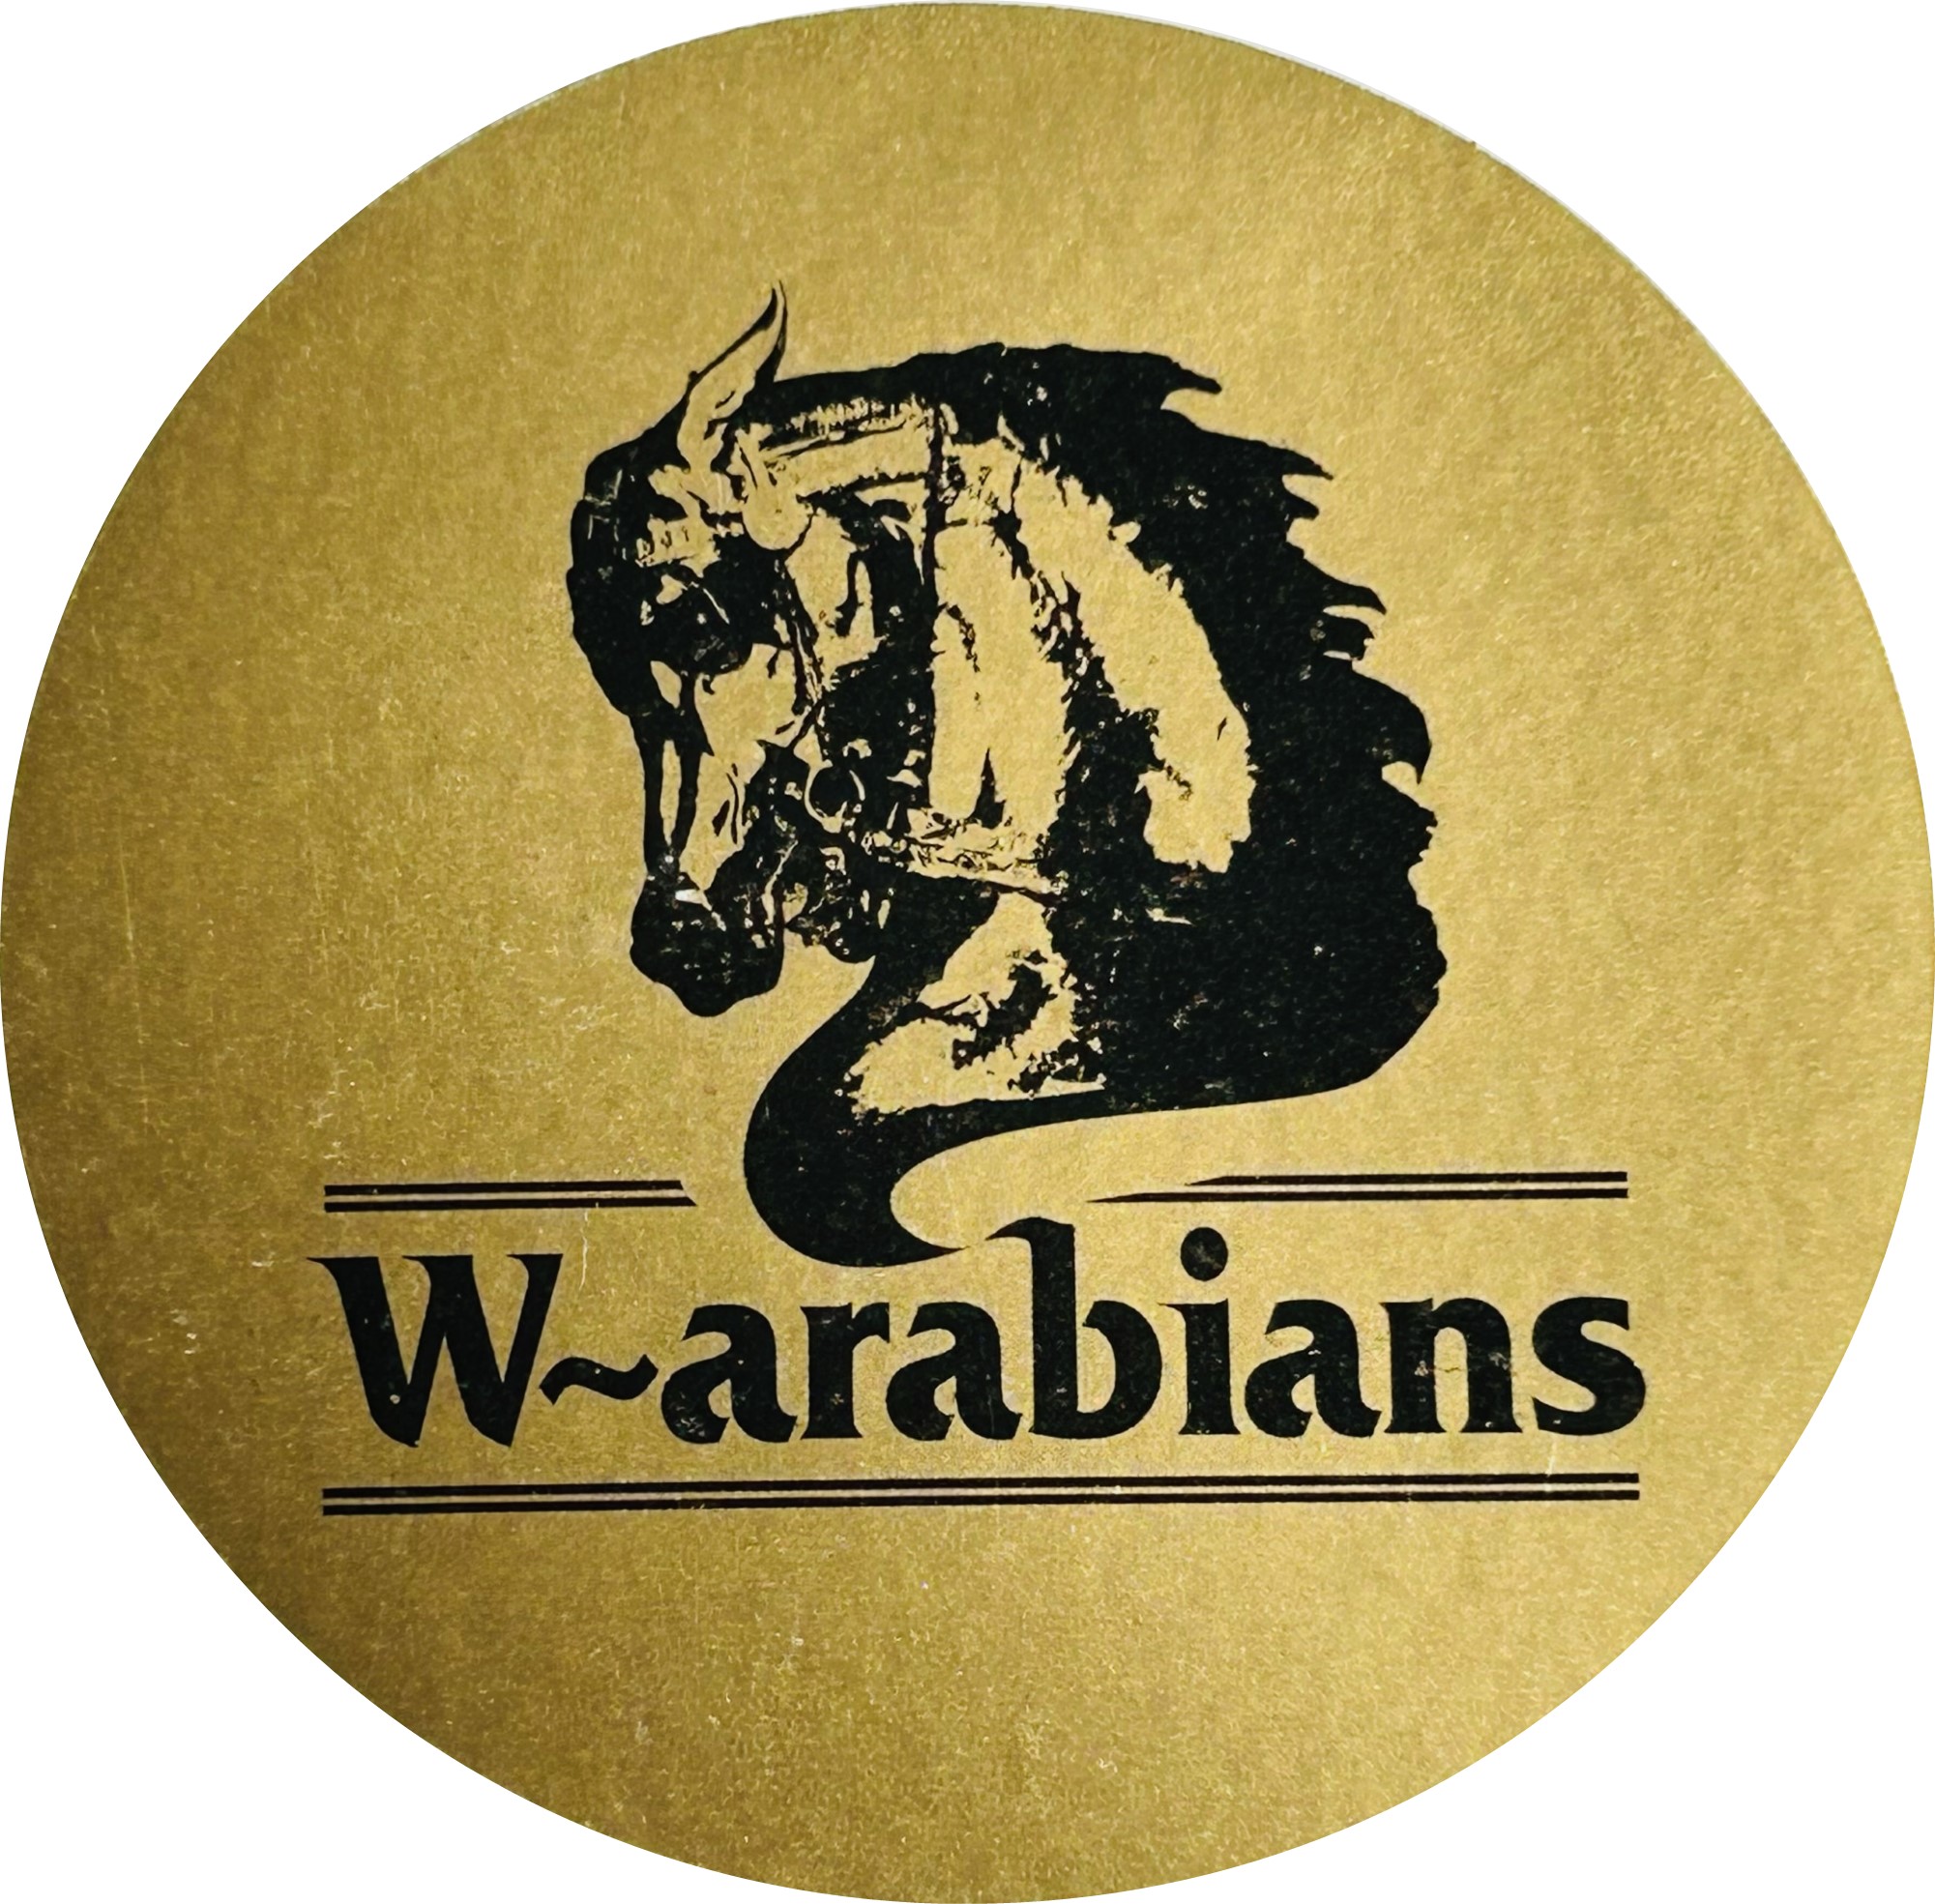 W-Arabians
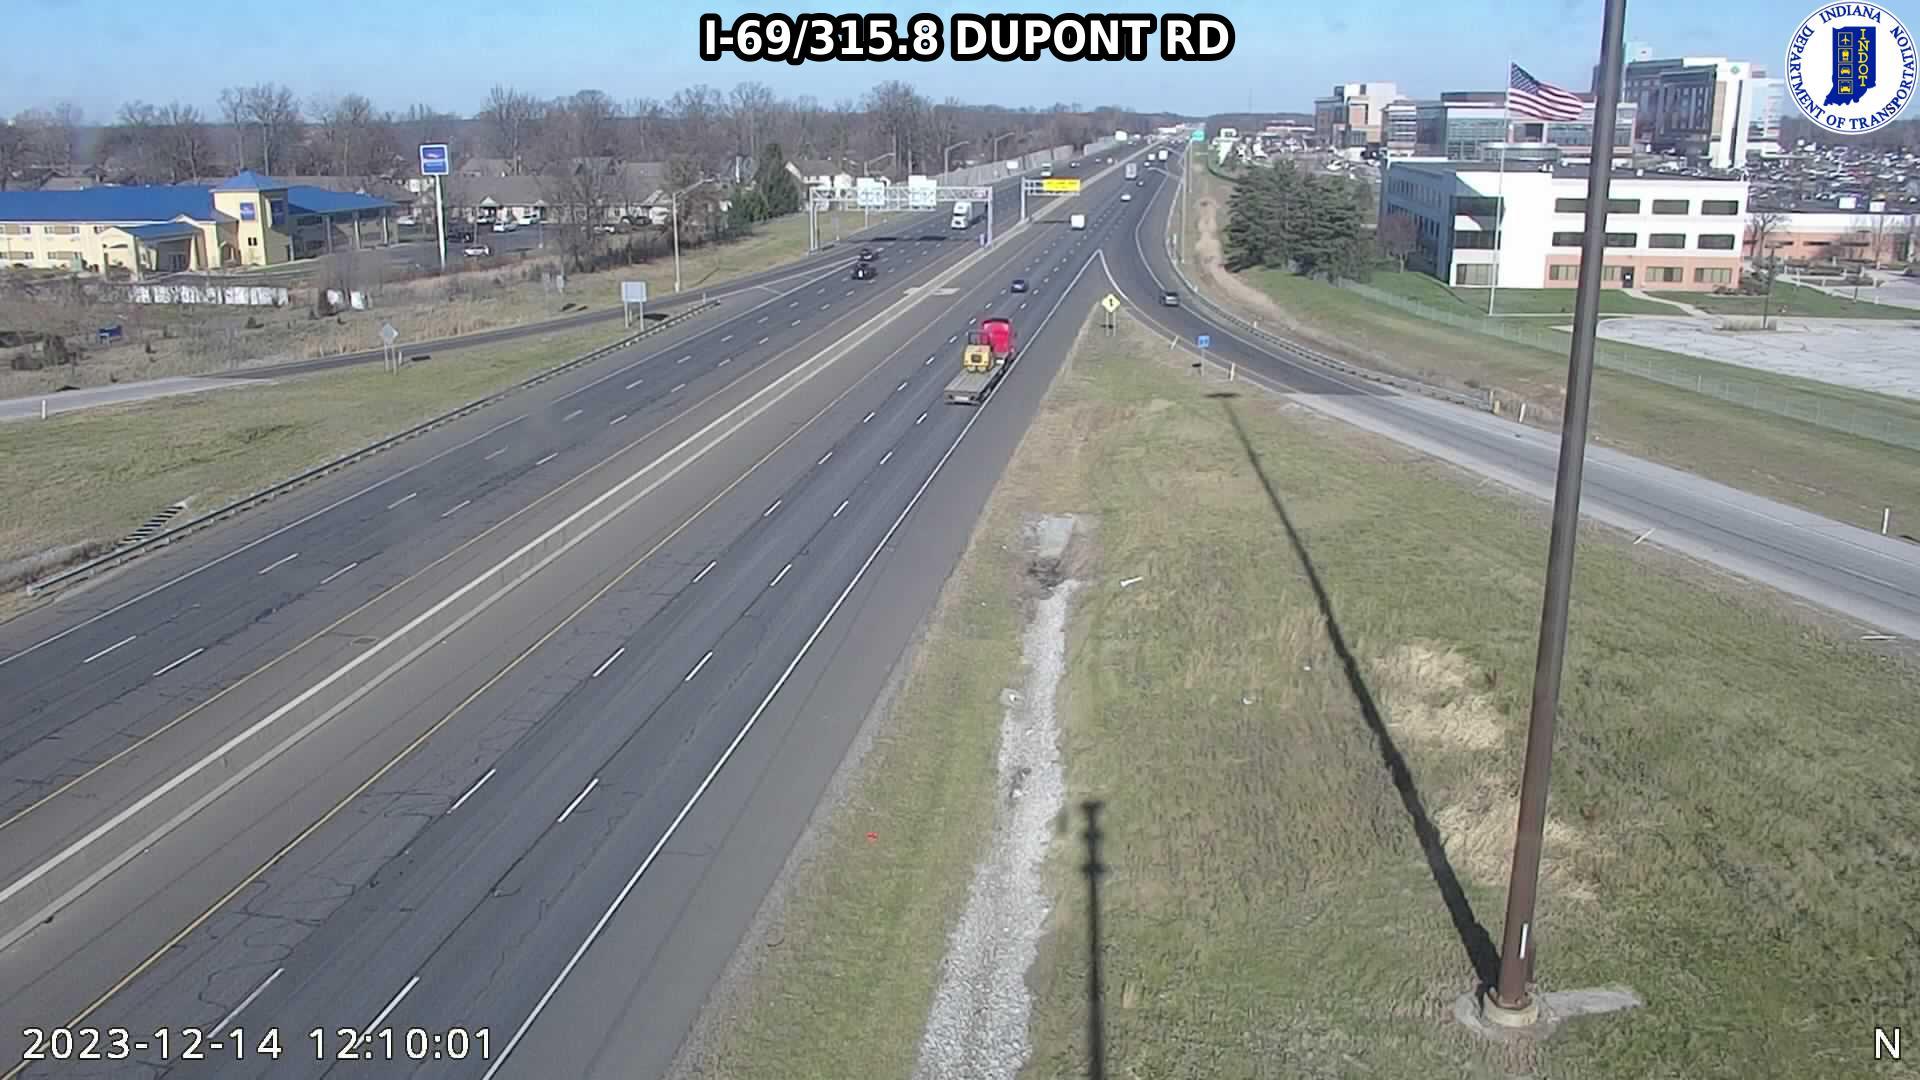 Traffic Cam Fort Wayne: I-69: I-69/315.8 DUPONT RD Player
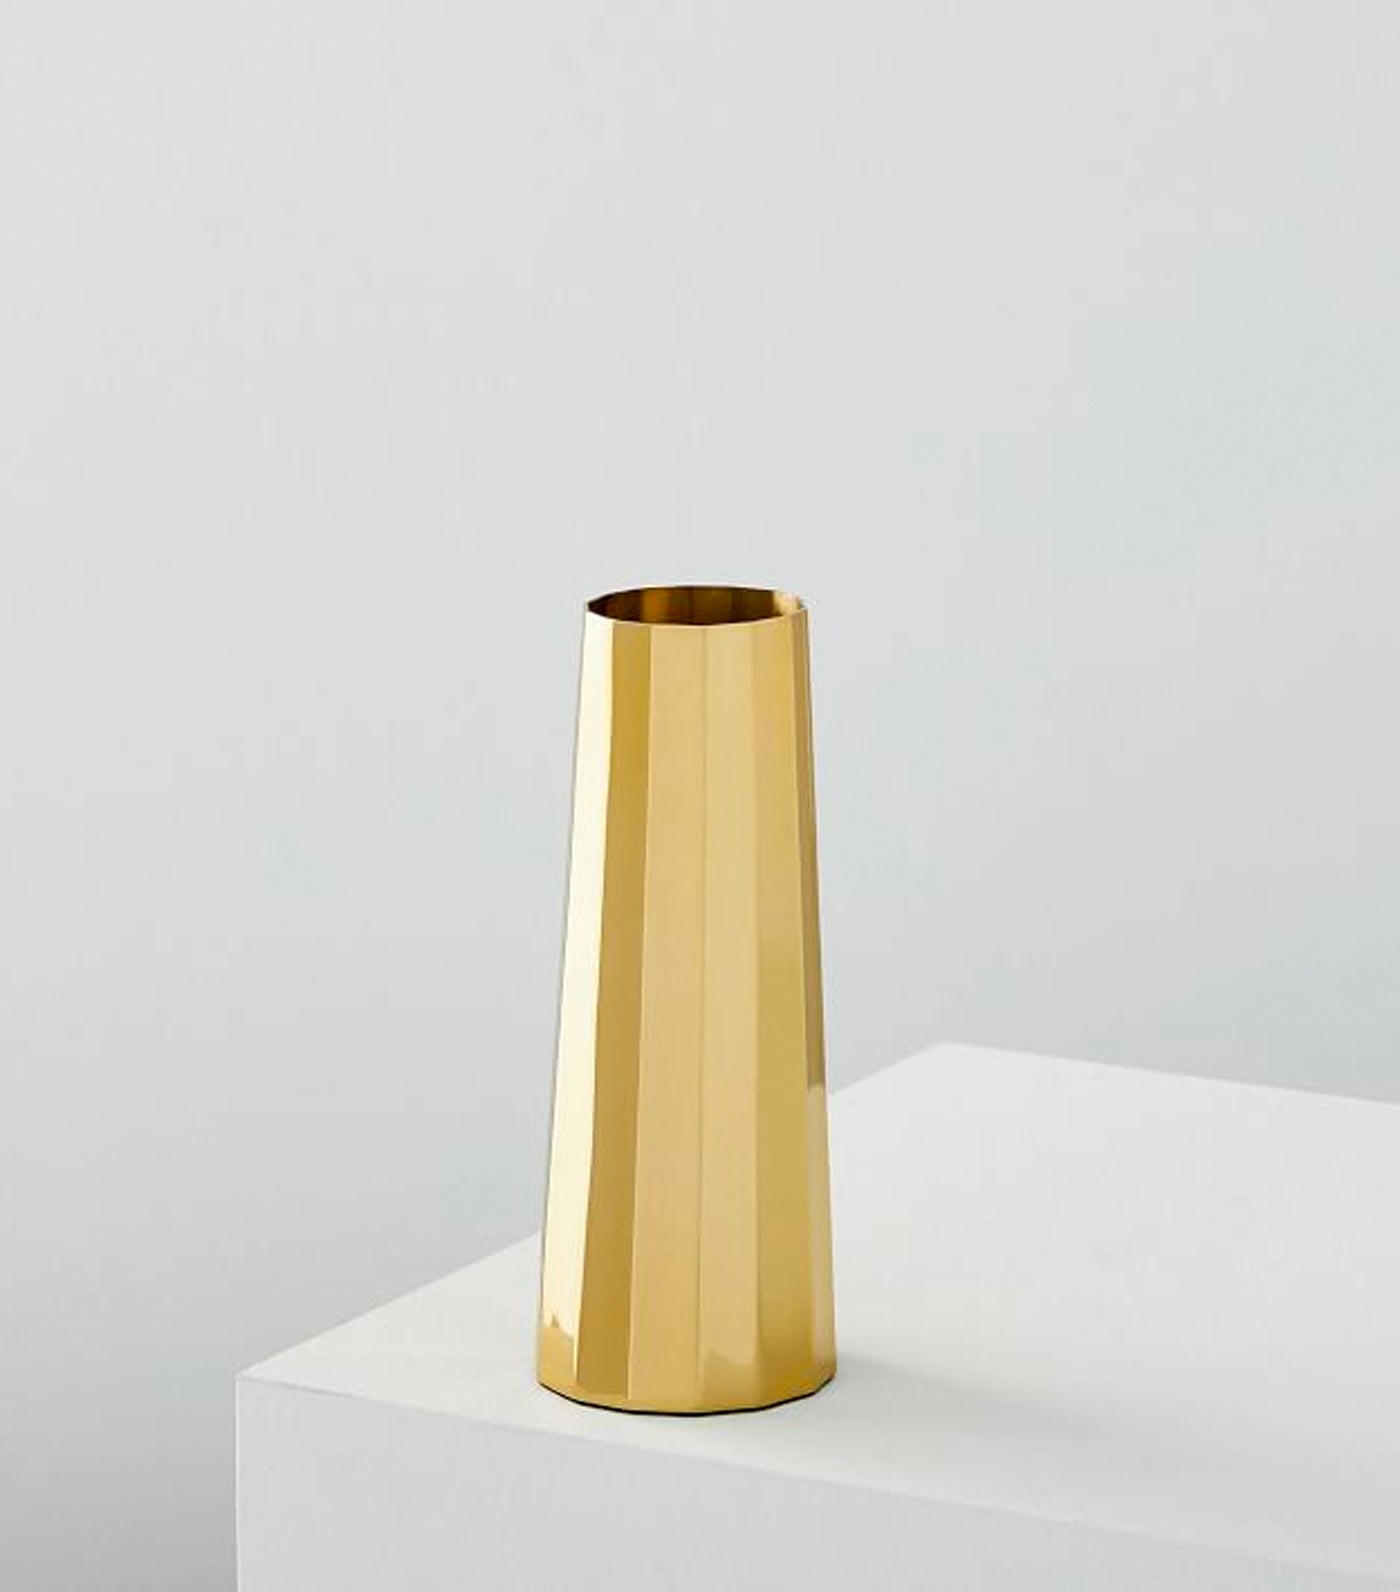 west elm Foundations Brass Vases

=-=-=

#### TASK TO CARRY OUT:
An exact repetition of the listing is needed, with the pictures dropped.

#### ANSWER TO THIS PROBLEM:
 W-Arabians
 Traffic Cam Fort Wayne: I-69: I-69/315.8 DUPONT RD Player
 west elm Foundations Brass Vases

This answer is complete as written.